The load and store functions should also dump a report for the user if the memory check finds an issue with the memory access. The report provides information useful for debugging the error and provides a backtrace that should look familiar if you have seen a kernel oops or panic before. A simple example is shown below:

 BUG: KASAN: slab-out-of-bounds in _copy_from_user+0x51/0x90
 Write of size 19 at addr ffff888230c0d4a0 by task bash/879

 CPU: 3 PID: 879 Comm: bash Tainted: G           O      5.4.0-rc5+ #16
 Hardware name: QEMU Standard PC (Q35 + ICH9, 2009), BIOS ?
\-20190711_202441-buildvm-armv7-10.arm.fedoraproject.org-2.fc31 04/01/2014
 Call Trace:
  ? _copy_from_user+0x51/0x90
  ? _copy_from_user+0x51/0x90
  ? _copy_from_user+0x51/0x90
  test_kasan_write+0x11/0x30 [test_kasan]
  ? proc_reg_unlocked_ioctl+0x150/0x150
  ? __pmd_alloc+0x150/0x150
  ? __audit_syscall_entry+0x18e/0x1f0
  ? ktime_get_coarse_real_ts64+0x46/0x60
  ? security_file_permission+0x66/0x190
  ? __ia32_sys_read+0x40/0x40
  ? up_read+0x10/0x70
  ? do_user_addr_fault+0x3da/0x560
 RIP: 0033:0x7fe39aa3c150
 Code: 73 01 c3 48 8b 0d 20 6d 2d 00 f7 d8 64 89 01 48 83 c8 ff c3\
 66 0f 1f 44 00 00 83 3d 4d ce 2d 00 00 75 10 b8 01 00 00 00 0f 05\
 <48> 3d 01 f0 ff ff 73 31 c3 48 83 ec 08 e8 ee cb 01 00 48 89 04 24
 RSP: 002b:00007fff5b7839d8 EFLAGS: 00000246 ORIG_RAX: 0000000000000001
 RAX: ffffffffffffffda RBX: 0000000000000011 RCX: 00007fe39aa3c150
 RDX: 0000000000000011 RSI: 00007fe39b366000 RDI: 0000000000000001
 RBP: 00007fe39b366000 R08: 000000000000000a R09: 00007fe39b35c740
 R10: 0000000000000022 R11: 0000000000000246 R12: 00007fe39ad14400
 R13: 0000000000000011 R14: 0000000000000001 R15: 0000000000000000

 Allocated by task 894:

 Freed by task 614:

 The buggy address belongs to the object at ffff888230c0d4a0
  which belongs to the cache kmalloc-16 of size 16
 The buggy address is located 0 bytes inside of
  16-byte region [ffff888230c0d4a0, ffff888230c0d4b0)
 The buggy address belongs to the page:
 page:ffffea0008c30340 refcount:1 mapcount:0
mapping:ffff888236403b80 index:0xffff888230c0d9c0
 flags: 0x200000000000200(slab)
 raw: 0200000000000200 ffffea0008b86700 0000001200000012 ffff888236403b80
 raw: ffff888230c0d9c0 0000000080800079 00000001ffffffff 0000000000000000
 page dumped because: kasan: bad access detected

 Memory state around the buggy address:
  ffff888230c0d380: 00 00 fc fc fb fb fc fc fb fb fc fc fb fb fc fc
  ffff888230c0d400: fb fb fc fc fb fb fc fc fb fb fc fc fb fb fc fc
 >ffff888230c0d480: fb fb fc fc 00 06 fc fc fb fb fc fc 00 00 fc fc
  ffff888230c0d500: 00 00 fc fc 00 00 fc fc 00 00 fc fc 00 00 fc fc
  ffff888230c0d580: 00 00 fc fc 00 00 fc fc 00 00 fc fc 00 00 fc fc

Note that the last section of the report includes a hex dump of the associated shadow memory for the access that triggered the error. The line of interest to us in the hex dump is indicated by a >. The exact byte that encodes the 8 byte section the address was located in is indicated by a ^.
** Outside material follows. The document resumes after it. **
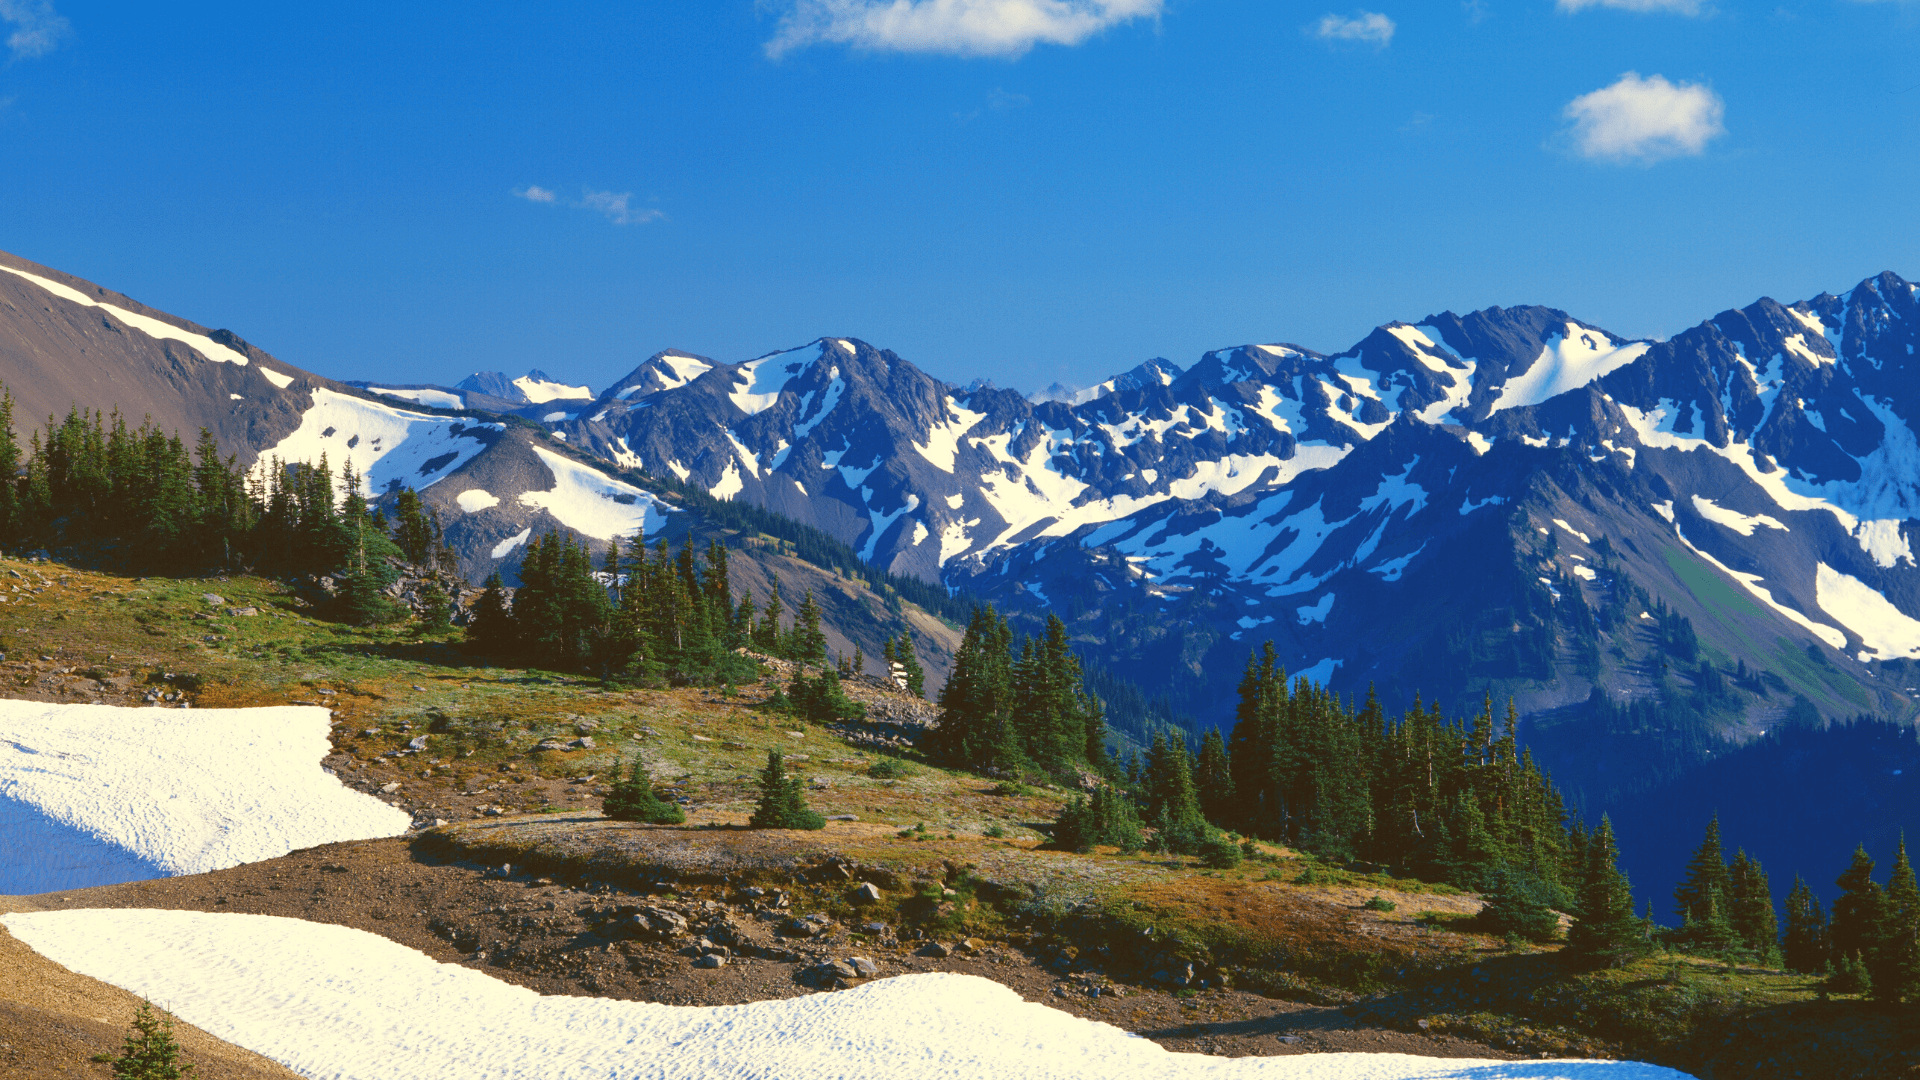 Mount Olympus, Olympic National Park, Washington State

 >ffff888230c0d480: fb fb fc fc 00 06 fc fc fb fb fc fc 00 00 fc fc

We can use this information along with the cause of the error shown in line 2 (Write of size 19 at addr ffff888230c0d4a0) to gain some information about the error.

In the example above, we see the buffer is encoded with the bytes 00 06. This byte sequence encodes an 8 byte region followed by a 6 byte region which would be the encoding for a buffer of 14 bytes in length. This checks with the error provided as a write of size 19 to this buffer would write beyond the end of the buffer.